What the fuck is wrong with people, first cutlery just being flung in a drawer any which way, now apparently files just go wherever it's all a cloud or whatever anyway isn't it

[–] independantiste@lemmy.world 2 points 1 year ago* (last edited 1 year ago)

Same, my first semester we had a course litterally about creating word and excel documents, how to format text etc... in a software engineering program. Or other example, (2nd year, 2nd semester of the year on a 3 year program) last semester, we had a semester team project that we had to give at the end. At first, I litterally had tell them how to commit changes to the github repo, because they only did it though the web UI. How they got this far into the program I honestly have no clue as we litterally had a course in the first year that had a few classes dedicated for proper git usage

[–] Mohkia@lemmy.world 13 points 1 year ago* (last edited 1 year ago) (1 children)

I think there are a lot of computer illiterate people I most generations but there seems to be an overlap of late gen x/early millennial thst kind of had to learn how computers and the internet worked if they wanted to use them as tech wasn't as easy to use. Plus anyone older than that who used computers where more often considered nerds.

These days more and more people don't even have a computer and just do everything through their phones.

[–] WarmSoda@lemm.ee 6 points 1 year ago

but there seems to be an overlap of late gen x/early millennial thst kind of had to learn how computers and the internet worked if they wanted to use them...

That's exactly what happened. It's like how my grandfather knows absolutely everything about cars, he had to work on his if he wanted to use it.

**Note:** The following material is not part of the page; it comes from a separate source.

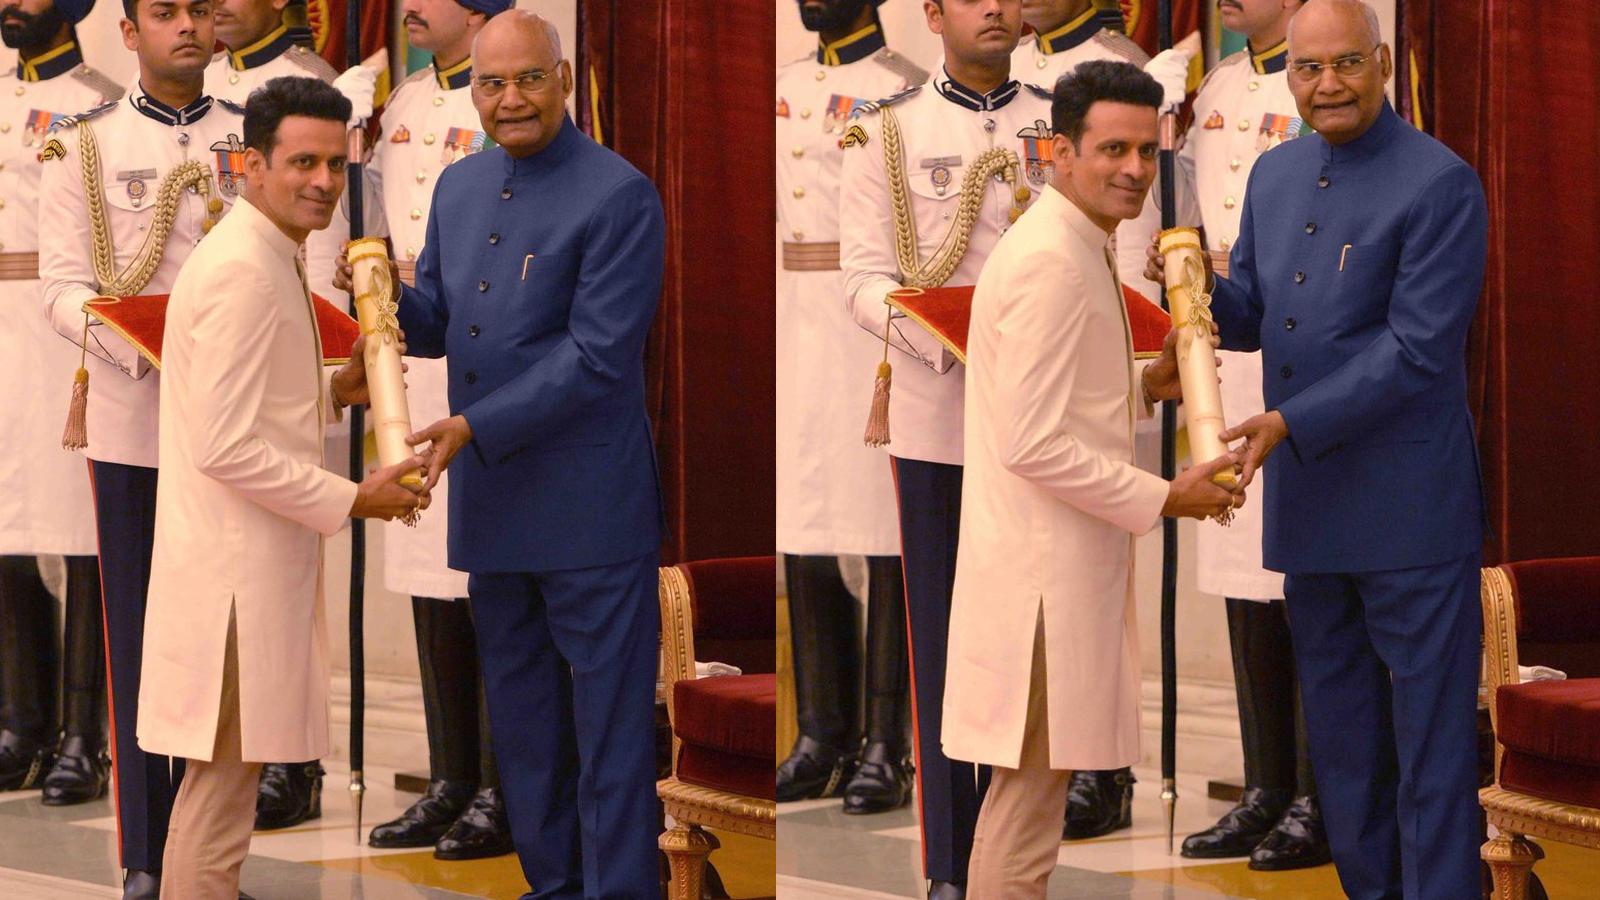 Celebrities congratulate Manoj Bajpayee on receiving Padma Shri

[–] garam@lemmy.my.id 9 points 1 year ago

Not only you. My age range between 20-30 also felt the same.... Haiyah

[–] doctorplasmatron@lemmy.ca 1 points 1 year ago (1 children)

oh the turntables, back in the 90's the stereotype was the 10 year old showing the 60 year old how to use the "computator", nowadays maybe it's the 60 year old showing the 10 year old there are open source alternatives for image editing apps, office apps, and most things with a tappable tablet interface.

[–] independantiste@lemmy.world 1 points 1 year ago

The 60 year old explaining the beauty of FOSS to a someone that only cares about tiktok and thinks Google is the internet

[–] vicfic@iusearchlinux.fyi -1 points 1 year ago

Trust me bruv, there more hacker youngsters here then you realise.